_Exercise:_
Omit the images and output every line of the data below exactly.

_Data section:_
[Start of section]
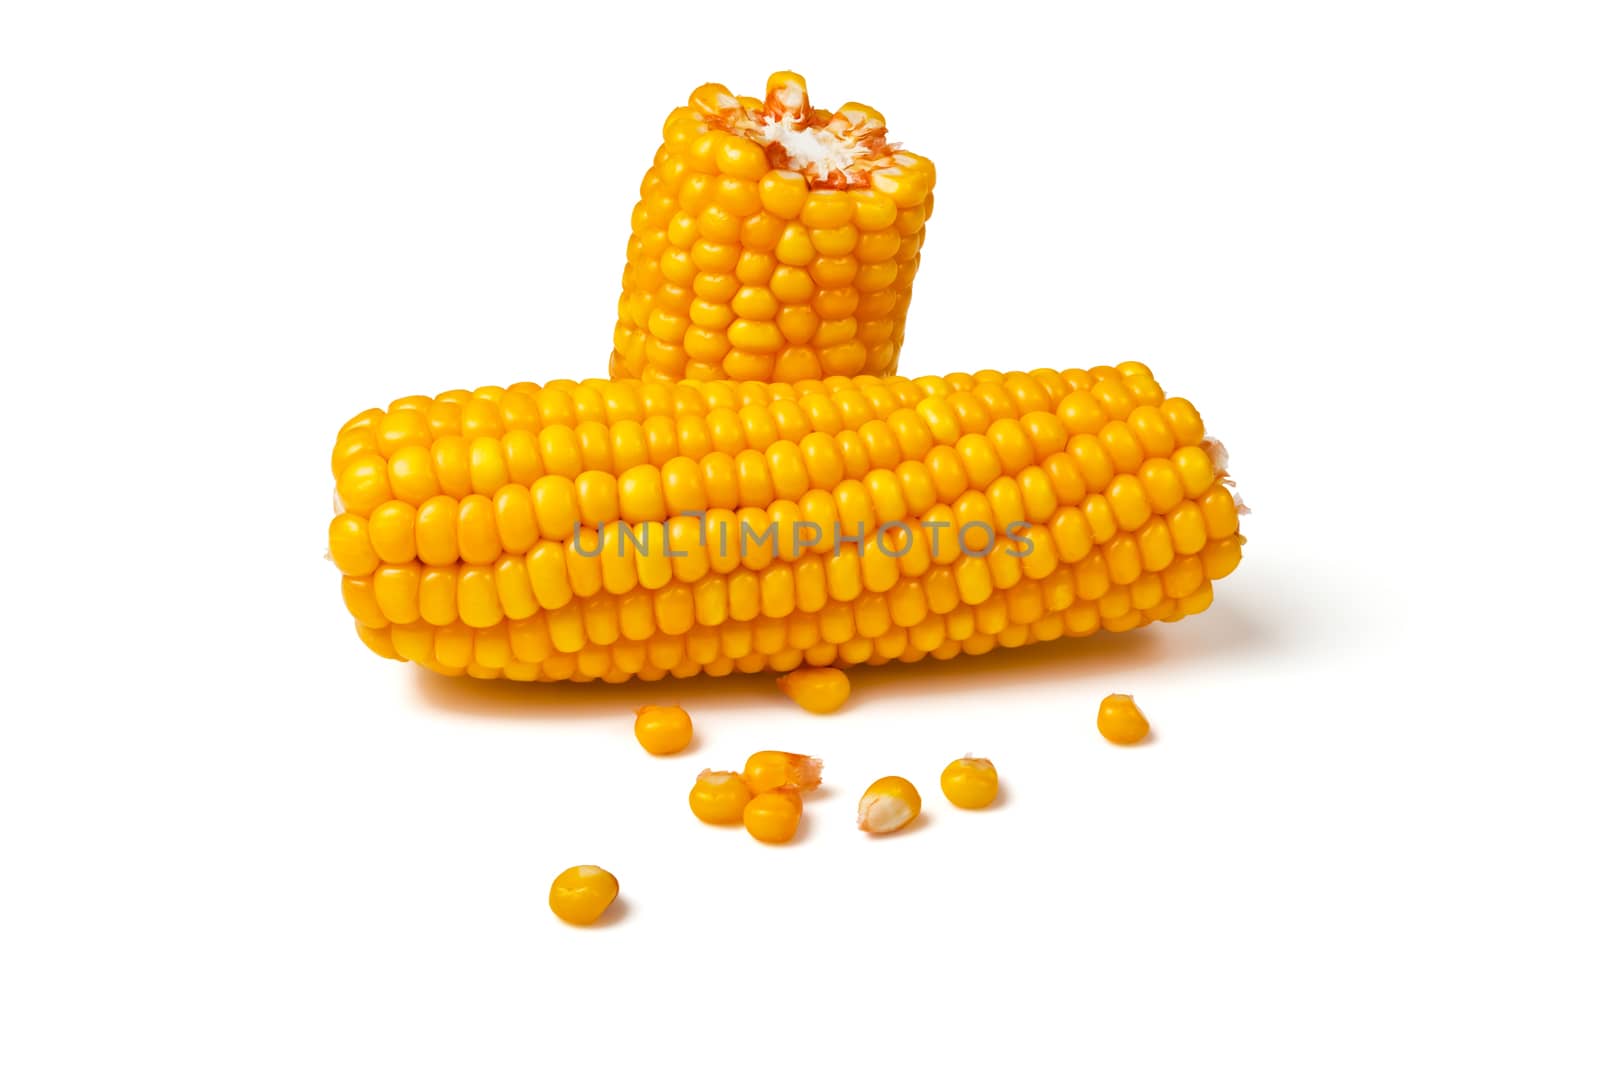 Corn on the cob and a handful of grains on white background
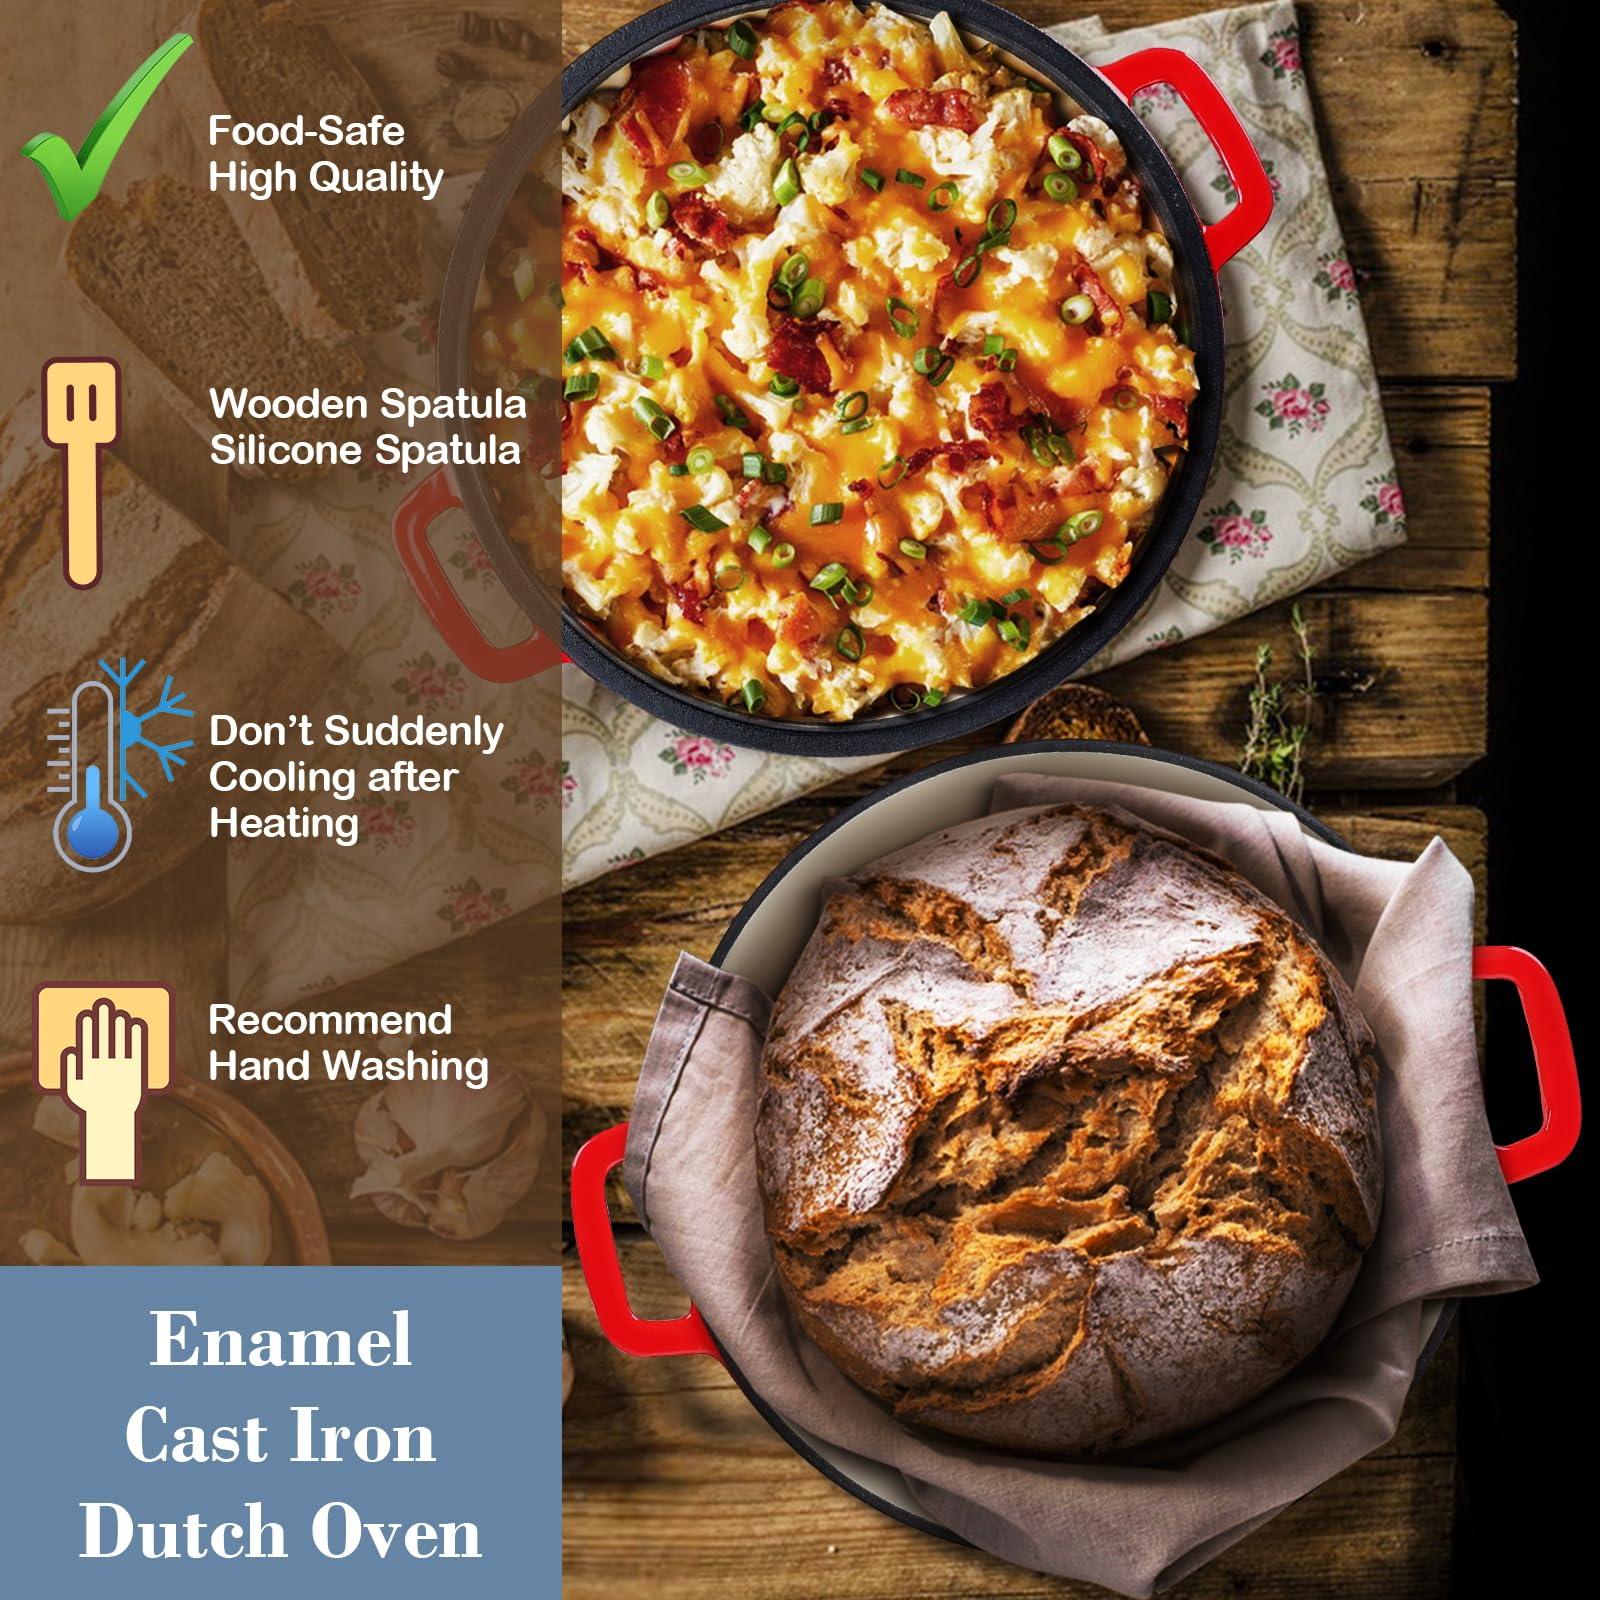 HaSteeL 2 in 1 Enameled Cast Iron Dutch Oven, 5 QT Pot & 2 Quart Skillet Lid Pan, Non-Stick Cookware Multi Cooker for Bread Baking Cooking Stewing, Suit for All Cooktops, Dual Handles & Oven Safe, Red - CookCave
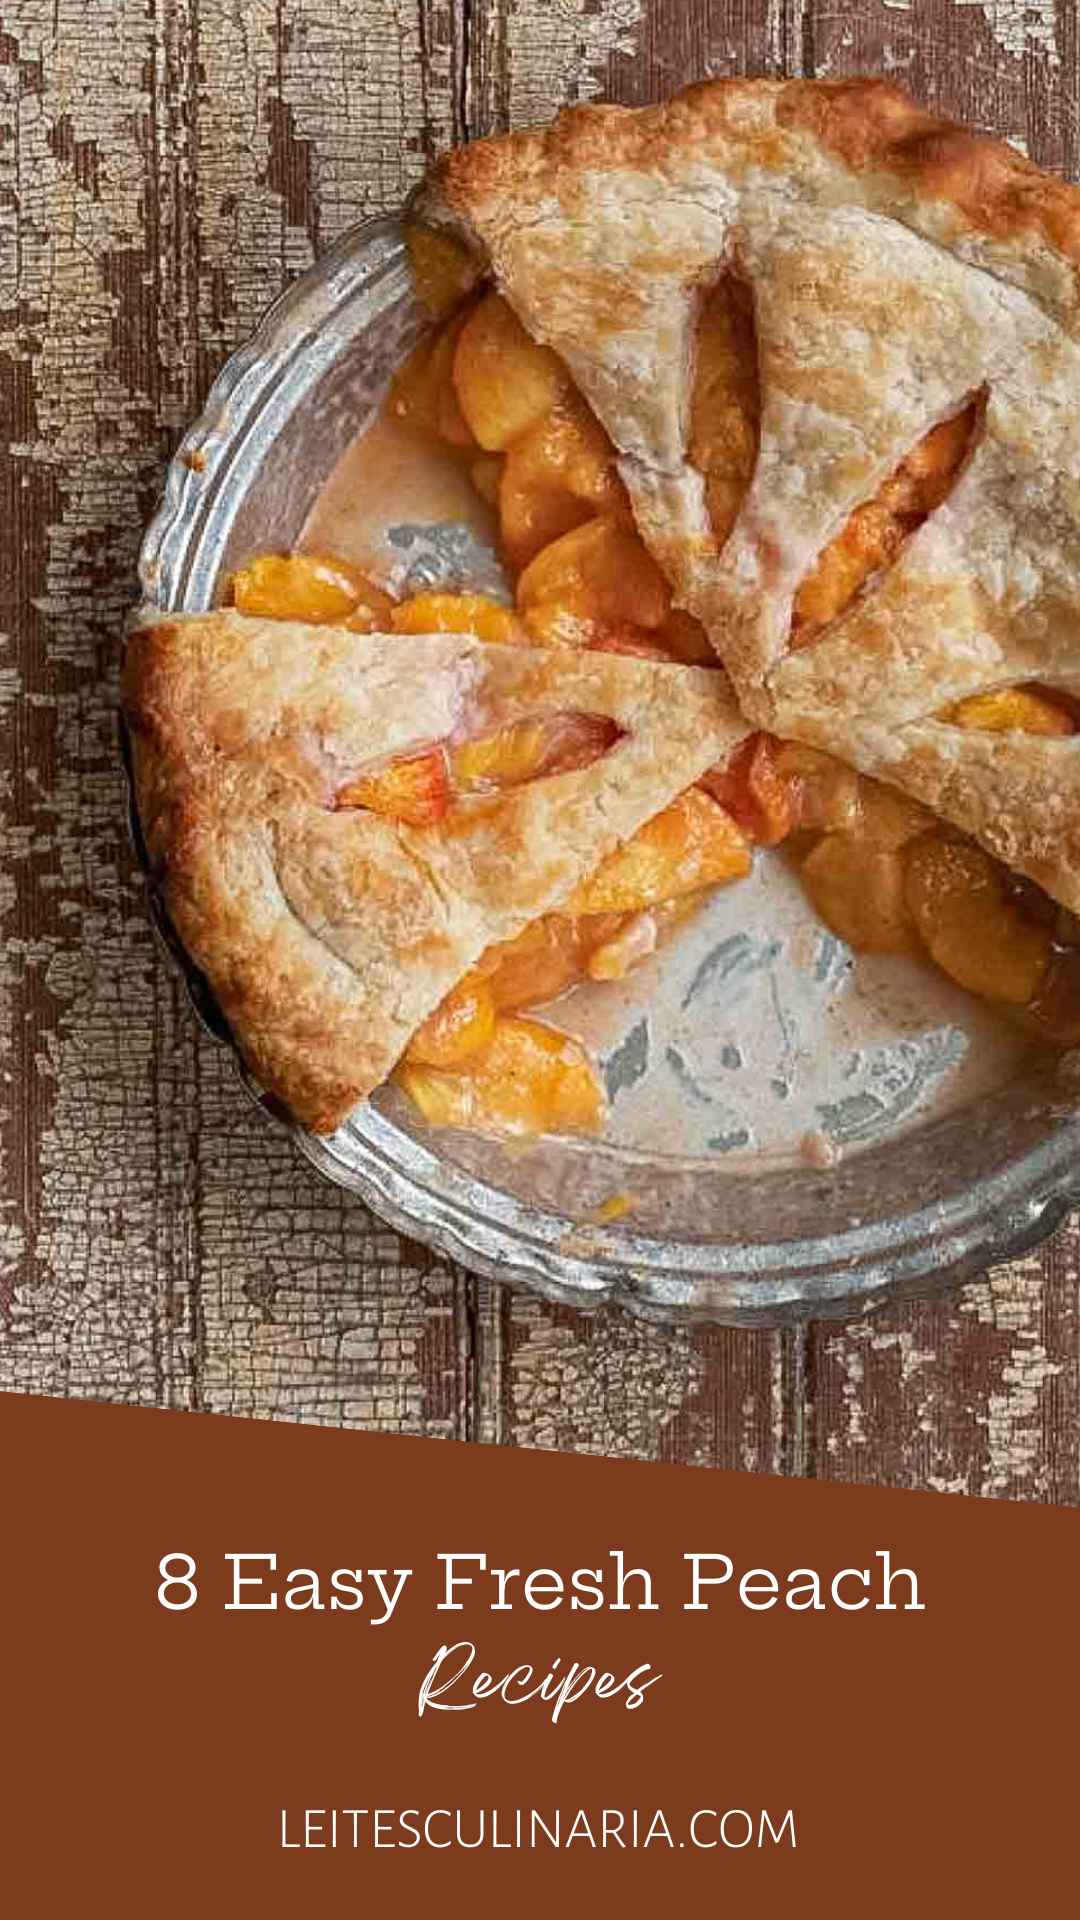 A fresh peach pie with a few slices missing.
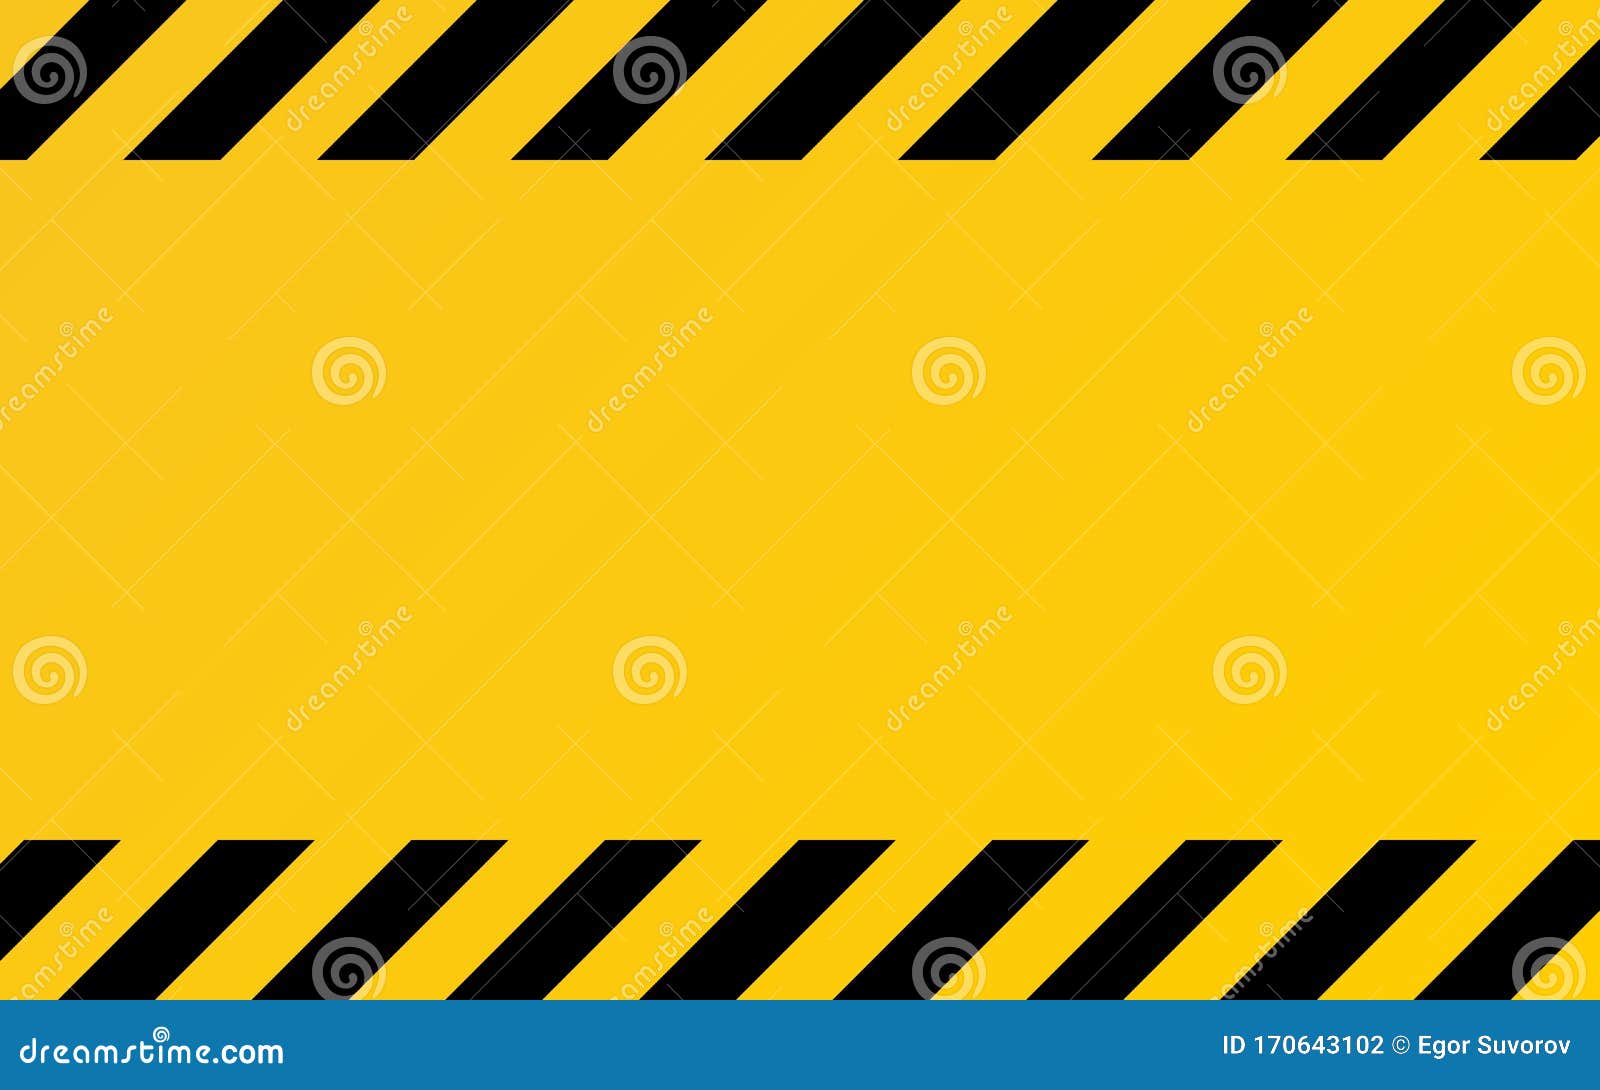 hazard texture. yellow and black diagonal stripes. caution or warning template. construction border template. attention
[End of section]
_Your response:_
 Corn on the cob and a handful of grains on white background
 HaSteeL 2 in 1 Enameled Cast Iron Dutch Oven, 5 QT Pot & 2 Quart Skillet Lid Pan, Non-Stick Cookware Multi Cooker for Bread Baking Cooking Stewing, Suit for All Cooktops, Dual Handles & Oven Safe, Red - CookCave
 A fresh peach pie with a few slices missing.
 hazard texture. yellow and black diagonal stripes. caution or warning template. construction border template. attention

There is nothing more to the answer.